By Guy Faulconbridge and Huw Jones
LONDON (Reuters) – London’s loss of some financial business due to Brexit has not been catastrophic and the world’s premier international financial capital will thrive even if the European Union “irrationally” blocks access, the City of London said.
London, the only financial centre to rival New York, has seen some business and job losses since the shock result of the 2016 Brexit referendum and financial services were largely forgotten by British leaders during the divorce negotiations, cutting off the City from its biggest single customer.
“It’s disappointing to lose business but it’s not at all catastrophic,” Catherine McGuinness, who is the political leader of the ancient financial district’s ruling body, the City of London Corporation, told Reuters.
“We are very confident in London’s basic strengths and that we will make up business elsewhere,” McGuinness said. “No matter what happens, London will continue to thrive.”
The City, McGuinness said, neither wanted nor expected Prime Minister Boris Johnson’s government to light “a bonfire of regulations”. Still, a global financial capital the size of London could not be a “rule taker”, she said.

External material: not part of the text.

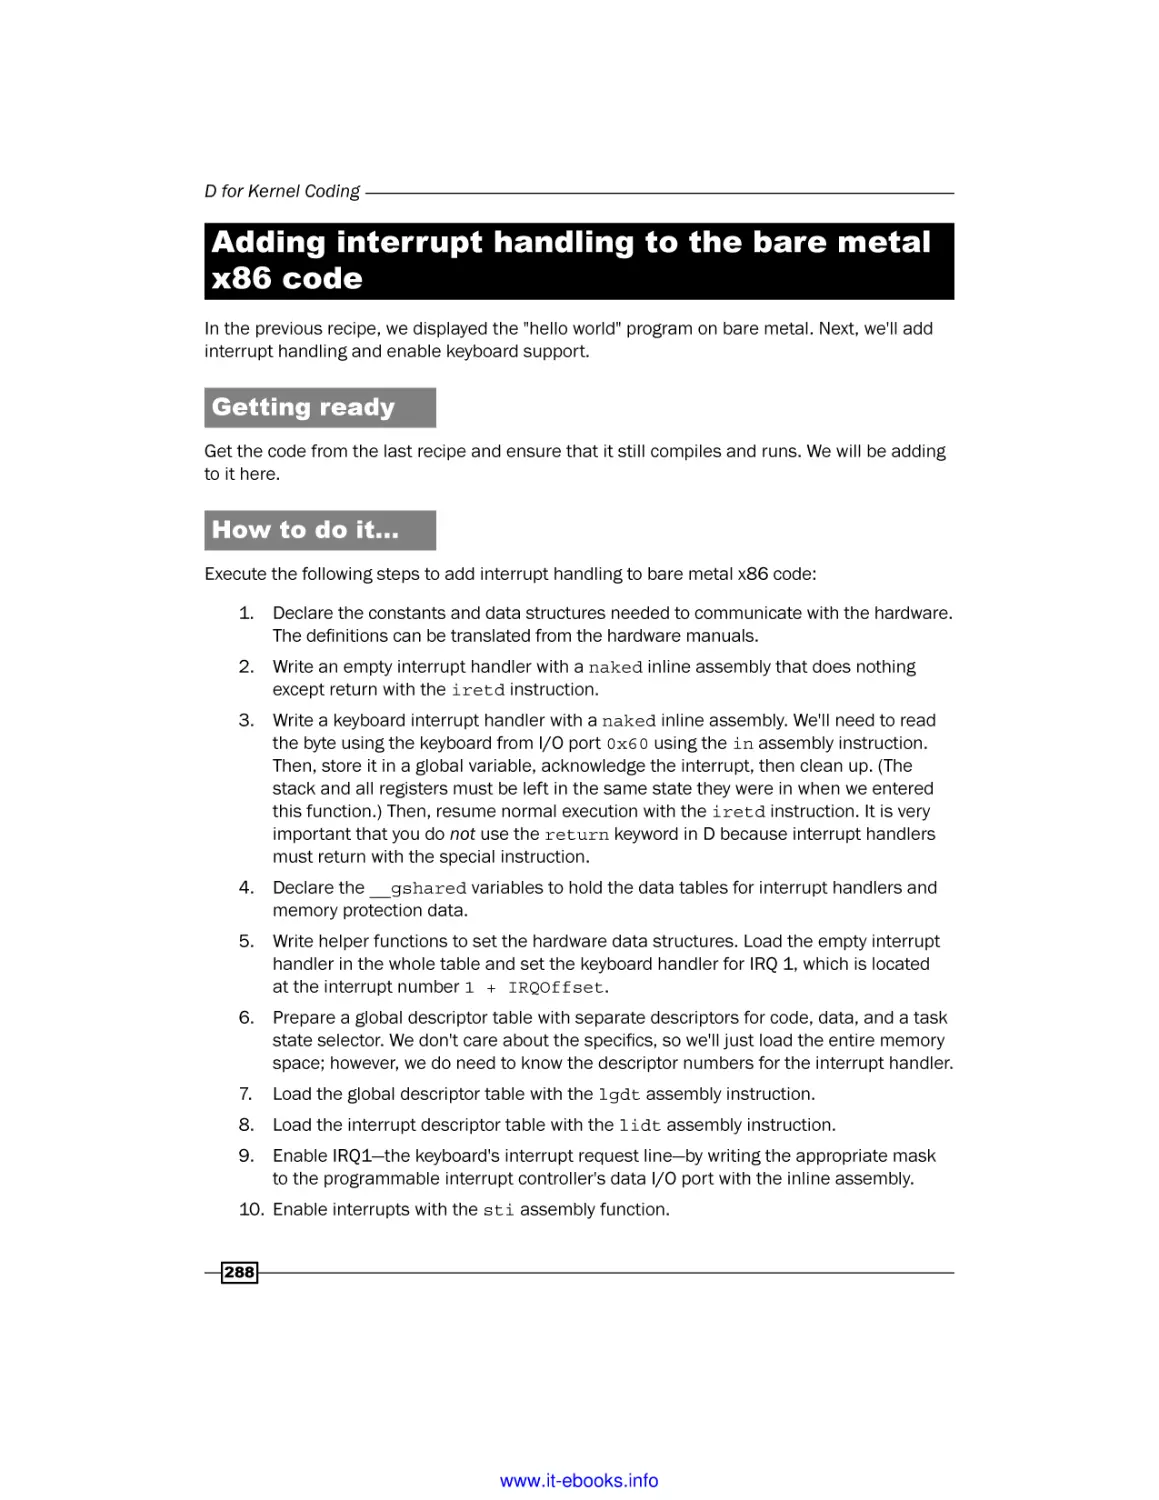 Adding interrupt handling to bare metal

London’s Brexit job losses so far to the EU were around 7,500, McGuinness said, still at the low end of the range predicted by investment consultant Oliver Wyman which said in 2016 that London could shed 65,000 to 75,000 jobs in a sector that employs a million people.
London dominates the world’s $6.6 trillion-a-day foreign exchange market, it is the biggest centre for international banking and the second largest fintech hub in the world after the United States.
New York retained the top spot in a survey of global financial centres published in September by Global Financial Centres Index, with London strengthening its position in second.
While trading in euro shares and some derivatives has left for other European centres – with some to New York – after Brexit, no one European competitor has dominated and so London views New York, Shanghai, Tokyo, Hong Kong and Singapore as its true rivals.
Some elements of the bond, derivatives and capital markets had moved after Brexit, McGuinness said, though London retained by far the deepest capital markets in its time zone.
“We’re not looking for a bonfire of regulation, we’re not looking for a move away from international standards,” McGuinness said. “We’re not expecting any major deregulation at all.”